* Description of the task *
Your task is to repeat the lines below exactly, excluding any pictures they contain.

* Provided data *
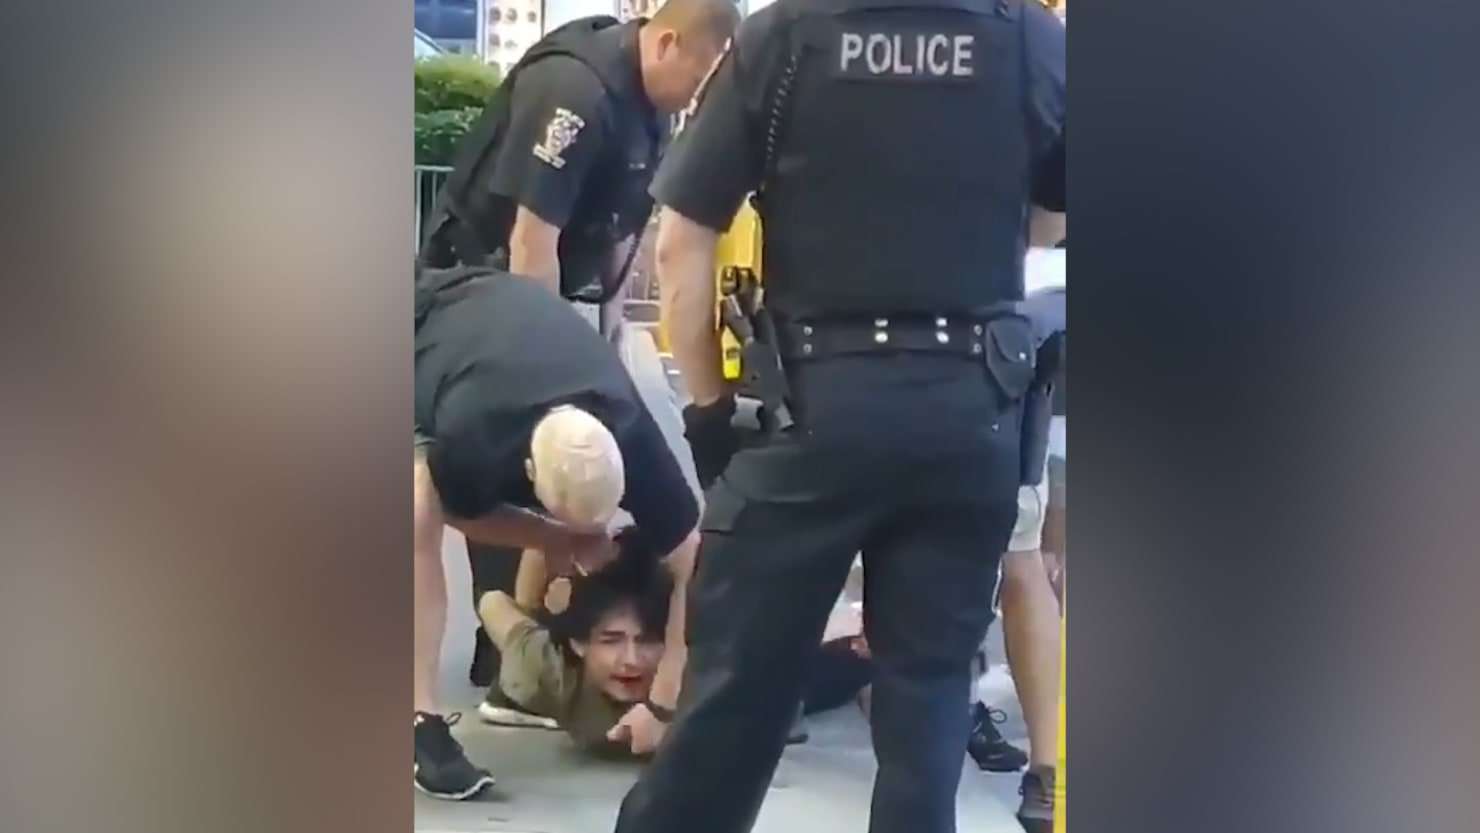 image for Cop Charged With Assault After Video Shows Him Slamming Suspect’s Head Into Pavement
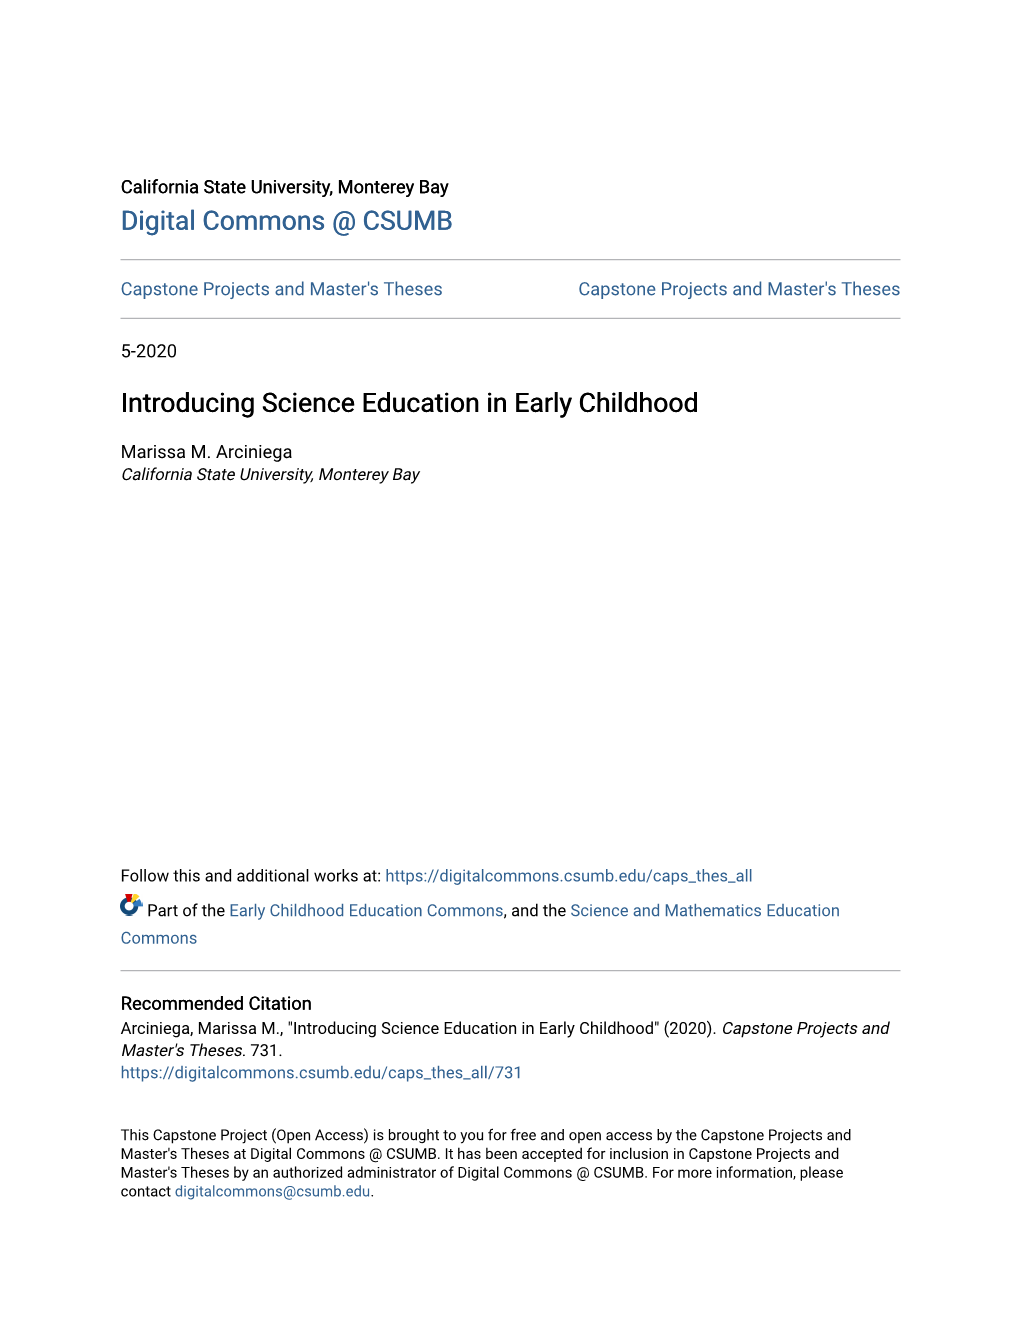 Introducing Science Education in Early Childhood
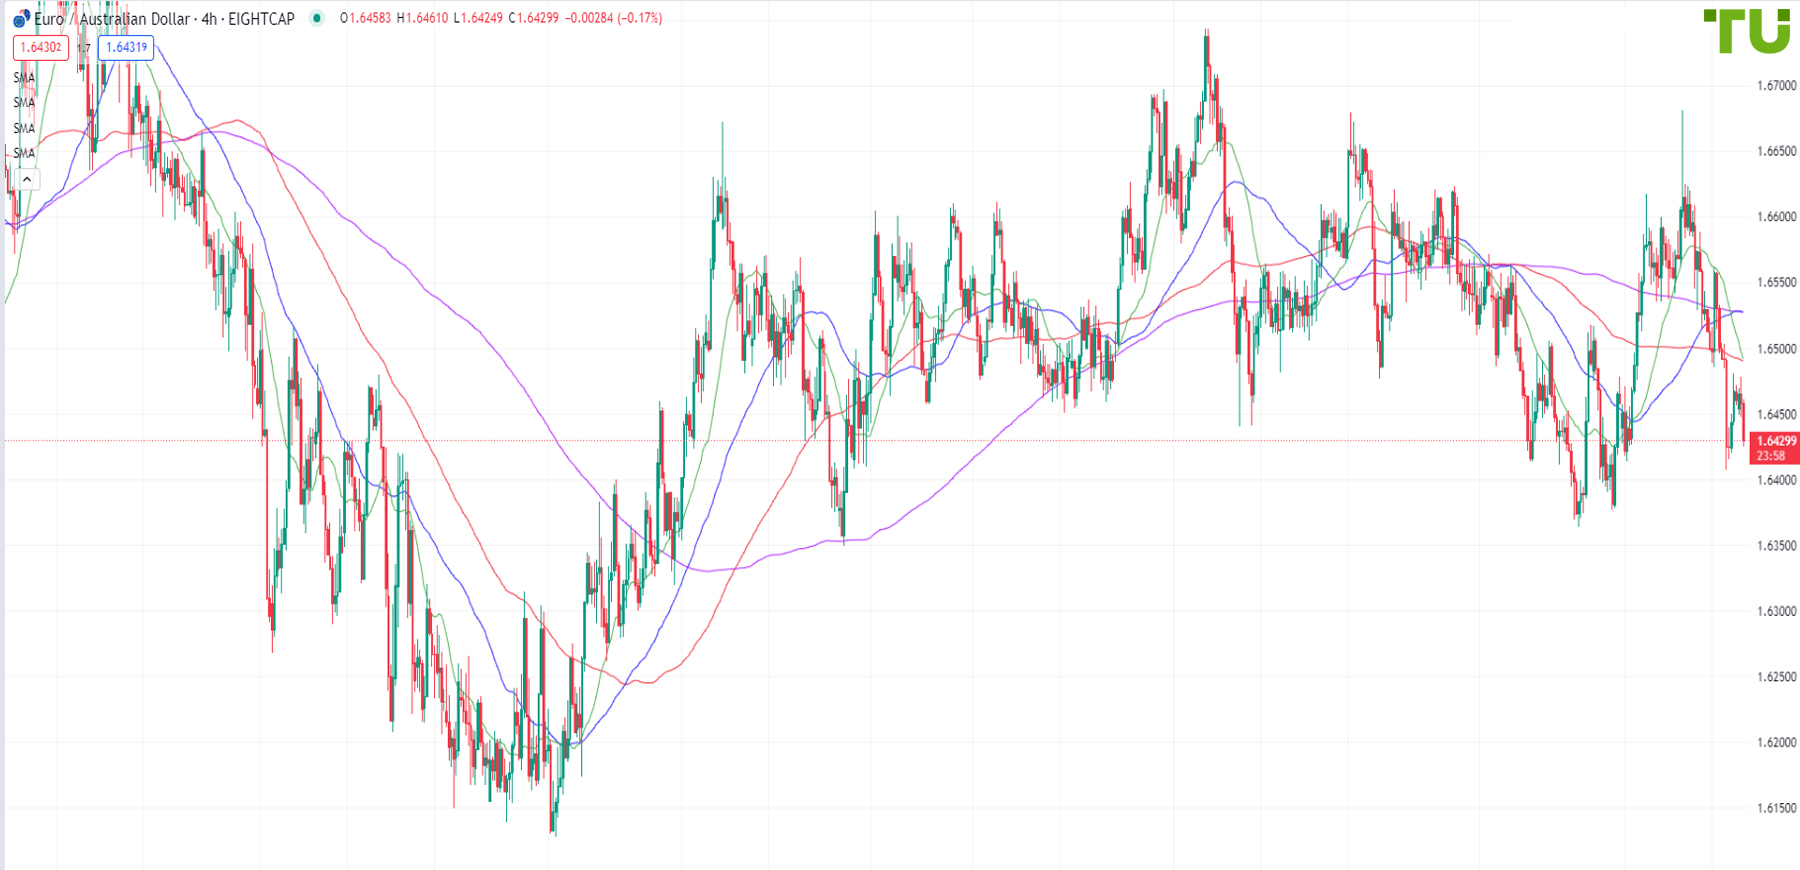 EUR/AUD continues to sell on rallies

* Solution for this problem *
 image for Cop Charged With Assault After Video Shows Him Slamming Suspect’s Head Into Pavement
 Introducing Science Education in Early Childhood
 EUR/AUD continues to sell on rallies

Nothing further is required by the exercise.